Potential differences in philosophy in employer based d.p.c. model


(cjs56) #1

I was wondering if anyone in the employed D.P.C. model (either at an office at the employer work site OR at an office off-site from the employer location) has ever experienced a situation whereby the patient(s) request a medication or service that is not agreeable to the D.P.C. physician? That is, suppose an employee (patient) requested new or continued opioids (or even antibiotics for a viral illness) and the D.P.C. physician felt strongly that the patient (employee) did not need the medication or the medication could be detrimental to the patient (sound medical judgment).
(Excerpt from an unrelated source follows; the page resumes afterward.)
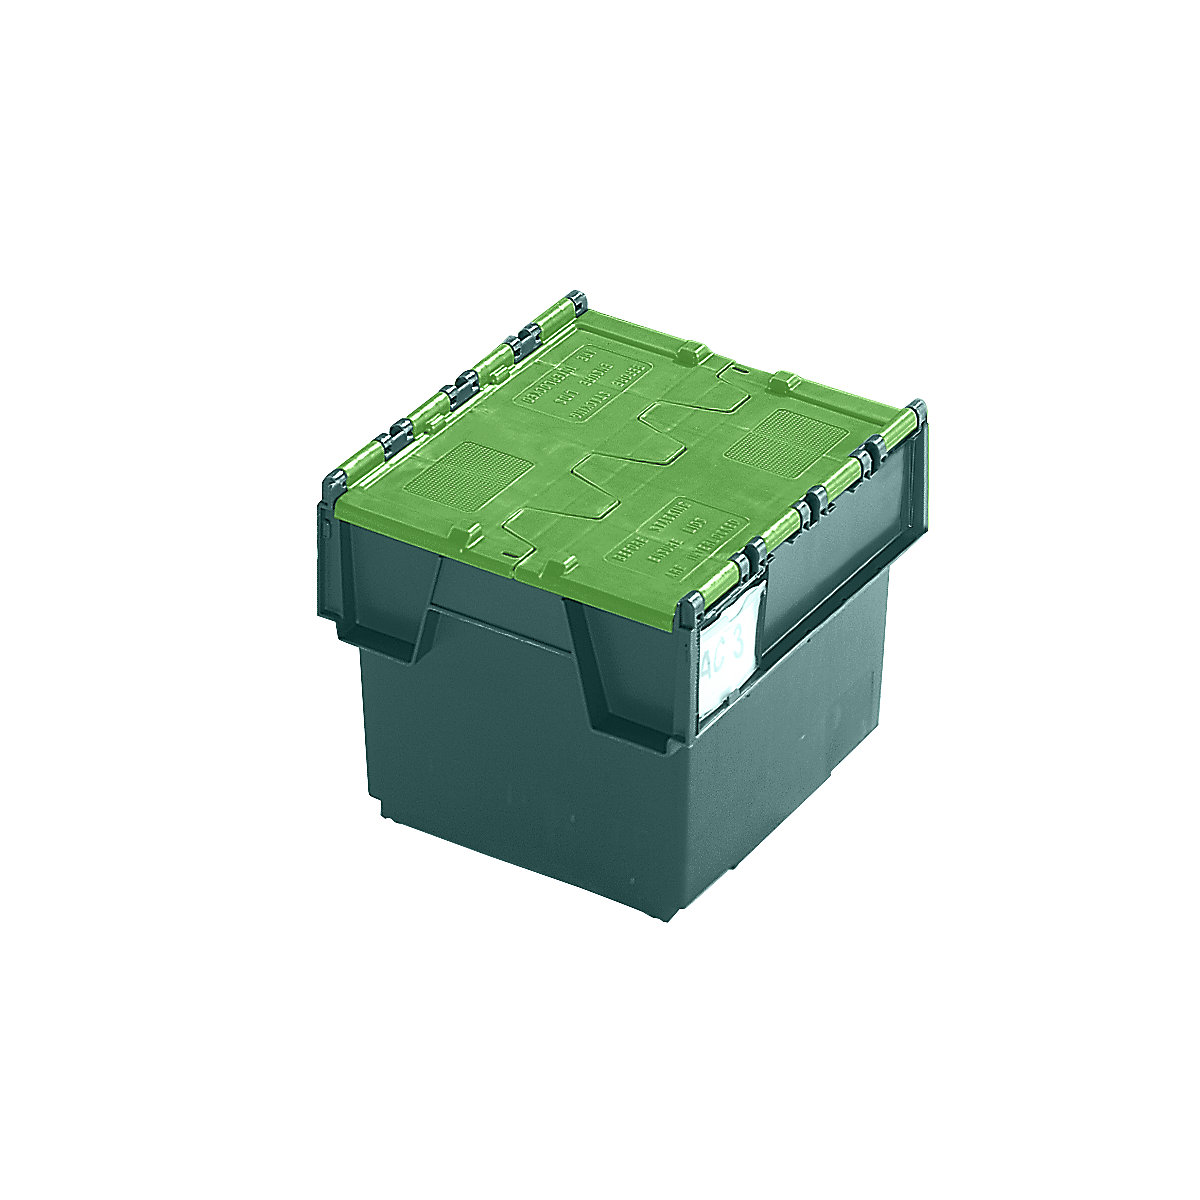 Pojemnik wielokrotnego użytku do ustawiania w stos ze składaną pokrywą, poj. 20 l, dł. x szer. x wys. 400 x 300 x 252 mm, zielony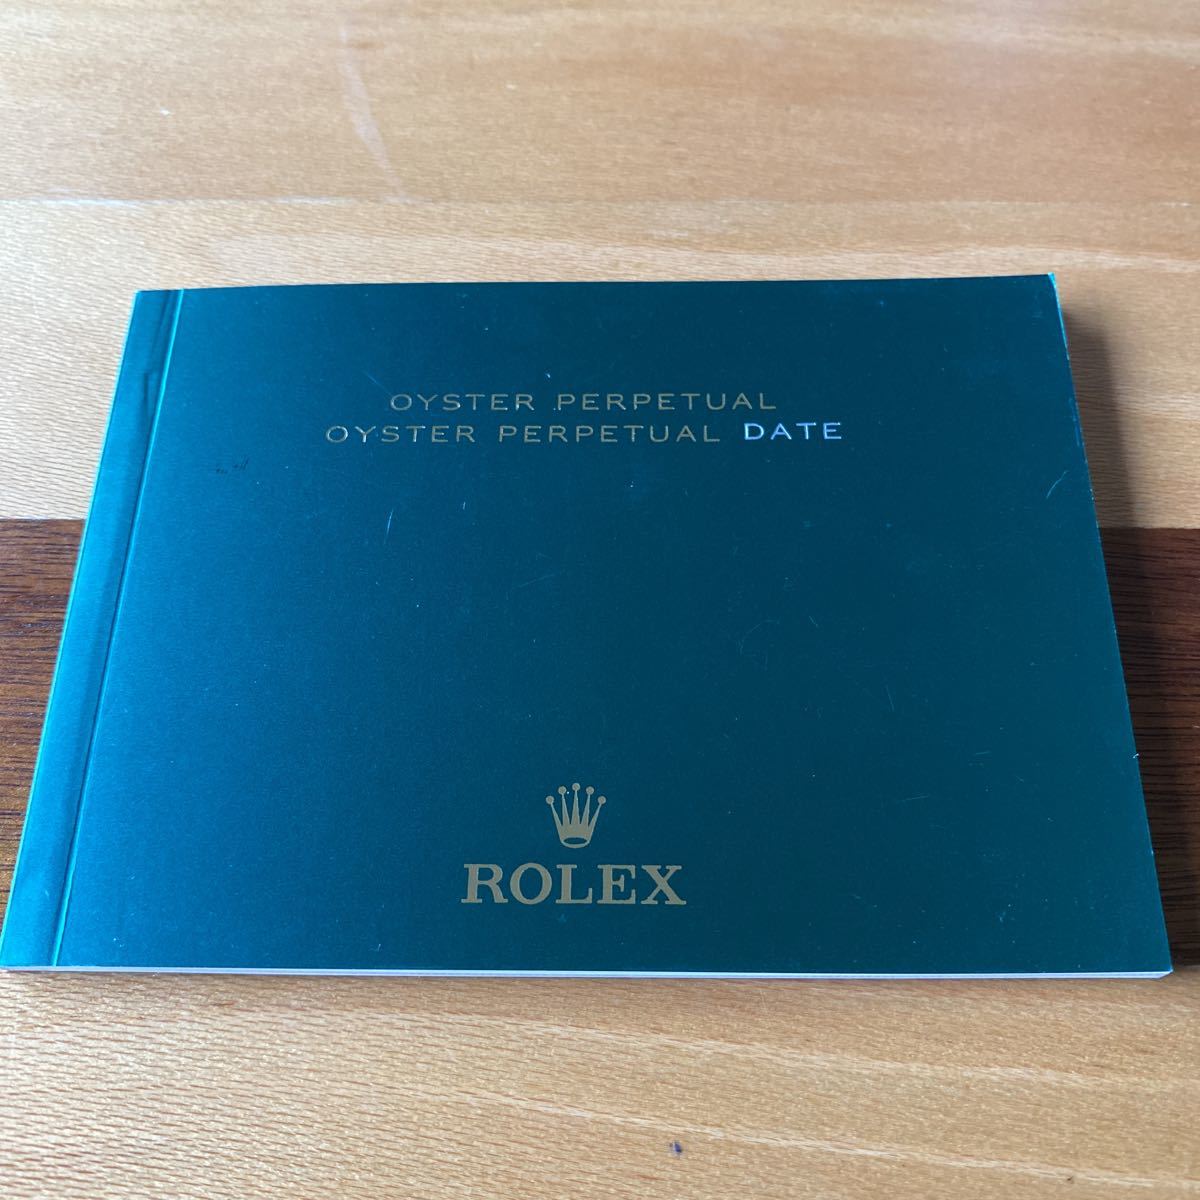 2180【希少必見】ロレックス パーペェチュアル冊子2020年度版 OYSTER PERPETUAL DATE Rolexの画像1

However, let’s say the patient complains to his/her employer who then complains the the D.P.C. physician’s employer? Or, even if the D.P.C. physician had his/her own private D.P.C. practice, how could the D.P.C. physician resolve the issue with the patient’s employer without losing a 50 patient panel (all the employees)? Or, would the D.P.C. physician only lose those employees that were in disagreement? This could be a potential source of disagreement between the physician and his/her employer as well as a conflict of interest between the physician and the patients’ employer. I would assume there would be much more leeway for the private D.P.C. physician who could spell this out in a written contract with an employer group. But, I could see that as an employed D.P.C. physician, there could be a difference of philosophy. Has anyone experienced this and what suggestions would you have for resolution without losing D.P.C. patients? I know this happens at urgent care clinics as well as Federally Qualified Health Centers and most times it is left up to the individual physician’s judgment.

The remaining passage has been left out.